Between the wall of the capsule, which is composed of several layers of cells, and the spore-sac is a wide intercellular space (h) bridged across by trabeculae consisting of rows of chlorophyll-containing cells. At the junction of the operculum (d) with the rest of the capsule is a circle of cells forming the annulus (a), by help of which the operculum is detached at maturity as a small lid. Its removal does not, however, leave the mouth of the capsule wide open, for around the margin are two circles of pointed teeth forming the peristome. These are the thickened cell-walls of a definite layer of cells (p), and appear as separate teeth owing to the breaking down of the unthickened cell-walls. The numerous spores which have been developed in the spore sac can thus only escape from the pendulous capsule through narrow slits between the teeth, and these are closed in damp air. The unicellular spores when supplied with moisture germinate (fig. 12) and give rise to the sexual generation. A filamentous protonema is first developed, some of the branches of which are exposed to the light and contain abundant chlorophyll, while others penetrate the substratum as brown or colourless rhizoids.

The moss-plants arise from single projecting cells, and numerous plants may spring from the protonema developed from a single spore.

Fig. 12.  Funaria hygrometrica.

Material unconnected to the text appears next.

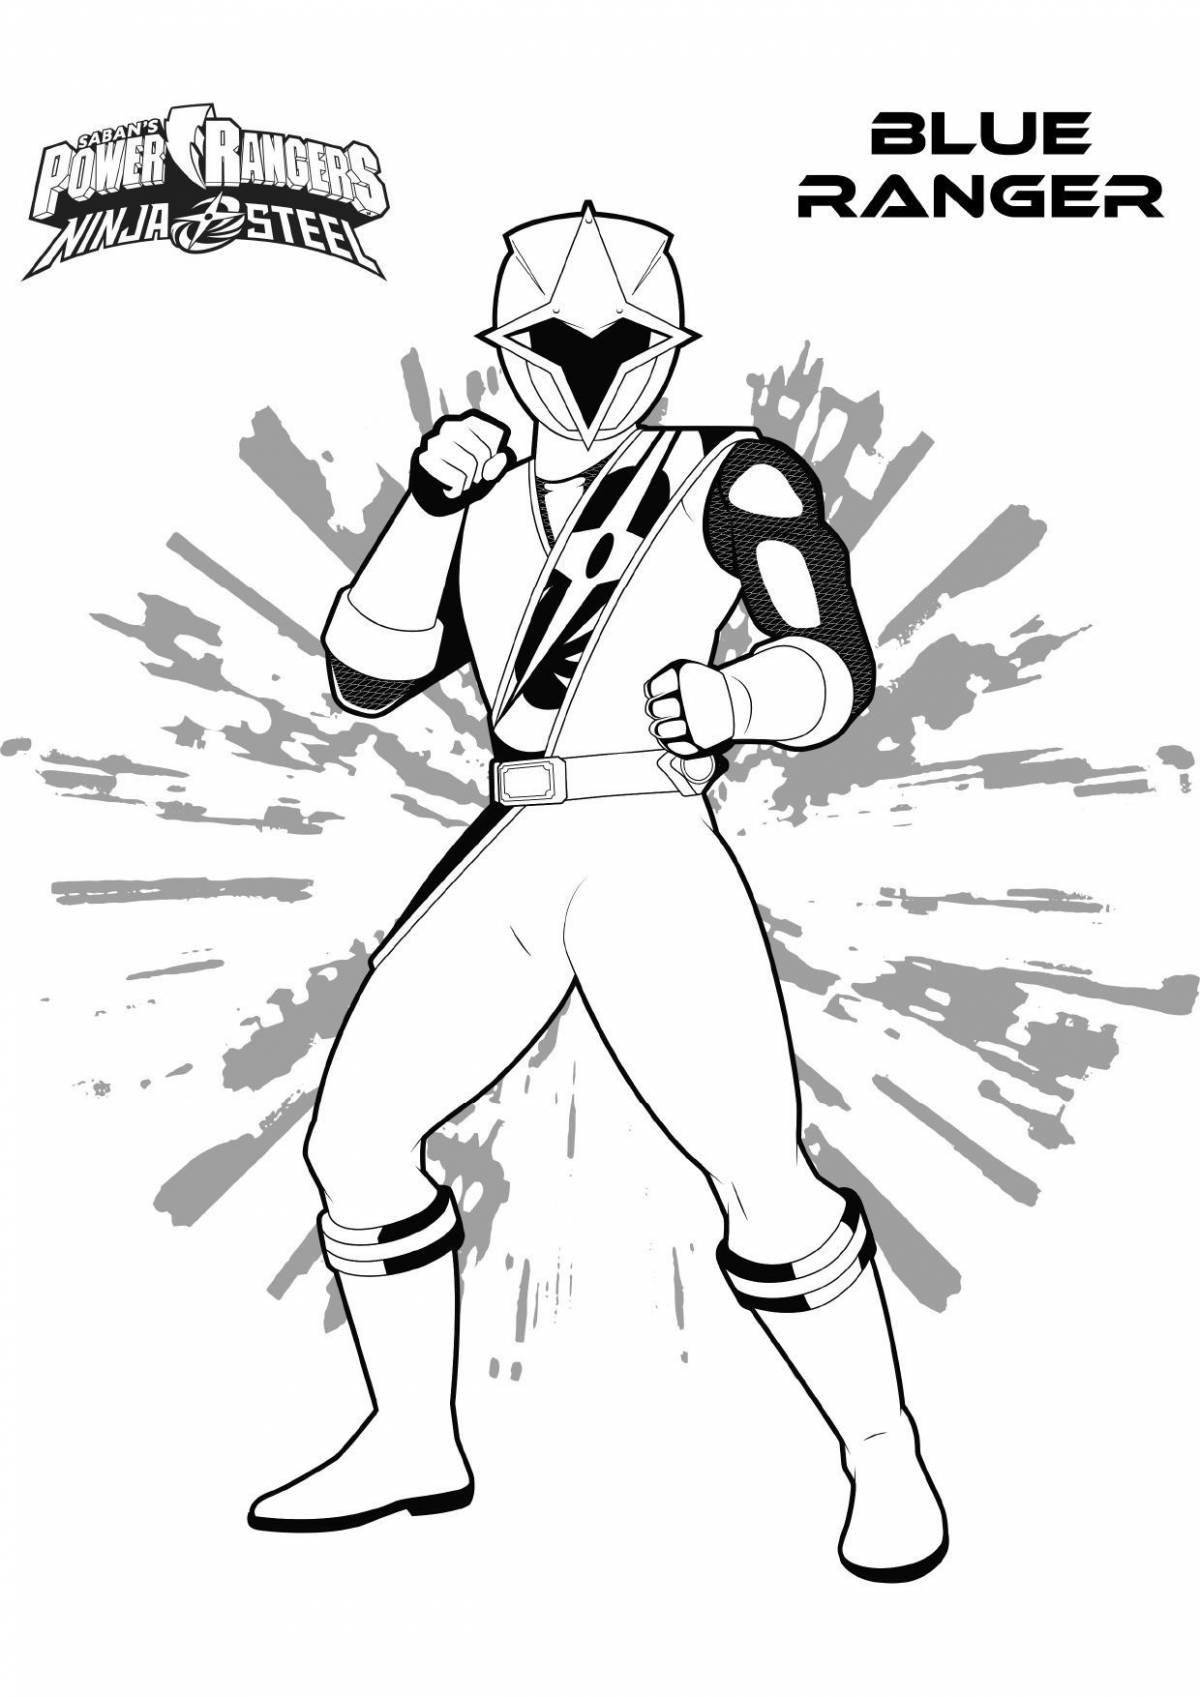 Fabulous Roger Ranger Coloring Page
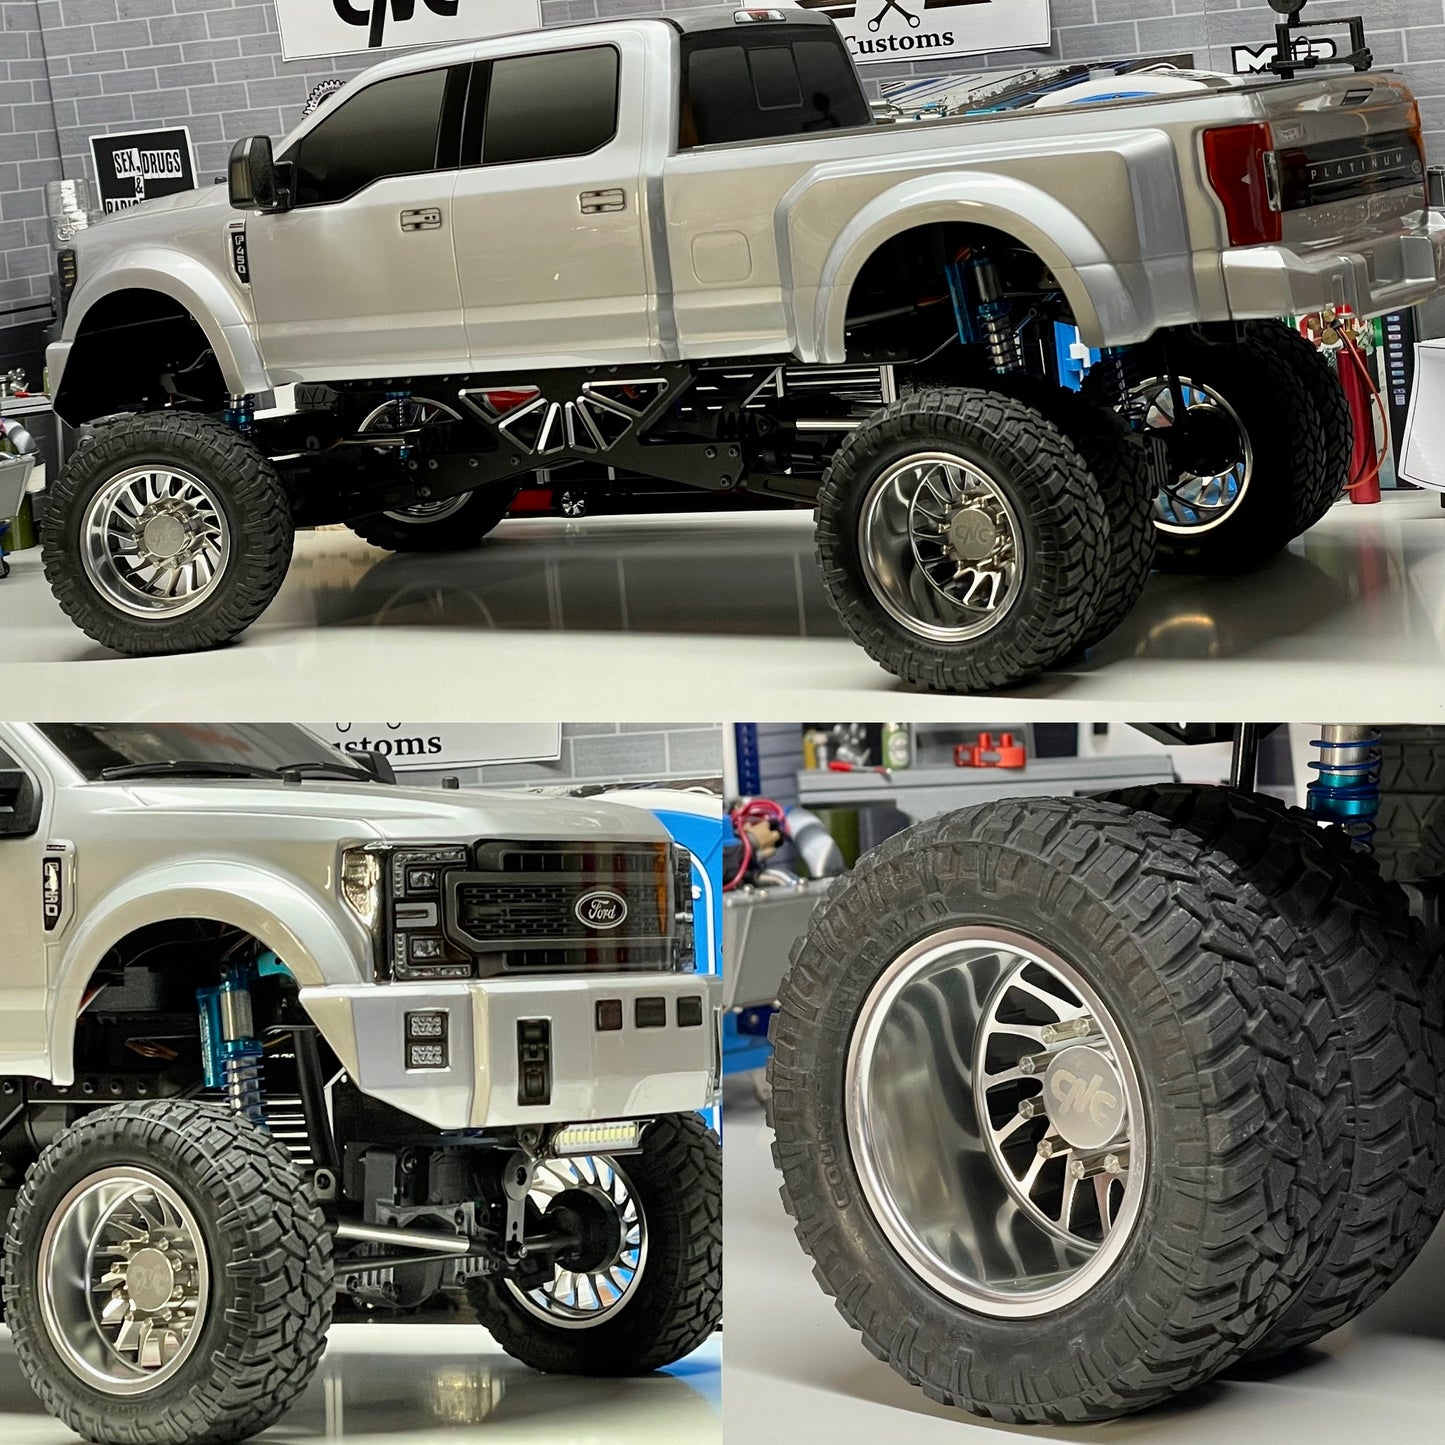 "Brodoz" Super Single Front and Dually Rear Directional Aluminum Billet Wheels: Comes as a Compete Set for the CEN F450

Fig. 12. - Funaria hygrometrica. (After Goebel.)

A, Germinating spores. s, Wall of spore; v, vacuole; w, rhizoid.

B, Part of a developed protonema. h, Creeping filament with brown walls from which the filaments of chlorophyll-containing cells (b) arise; k, young moss-plant; w, its first rhizoid.

The majority of the mosses belong to the same great group as Funaria, the Bryales. The other two subdivisions of the Musci are each represented by a single genus. In the Andreaeales the columella does not extend to the upper end of the capsule, and the latter opens by a number of lateral slits. The Sphagnales also have a dome-shaped spore-sac continued over the columella, and, though their capsule opens by an operculum, they differ widely from other mosses in the development of the sporogonium as well as in the characters of the sexual generation. The three groups are described separately below, but some more general features of the mosses may be considered here.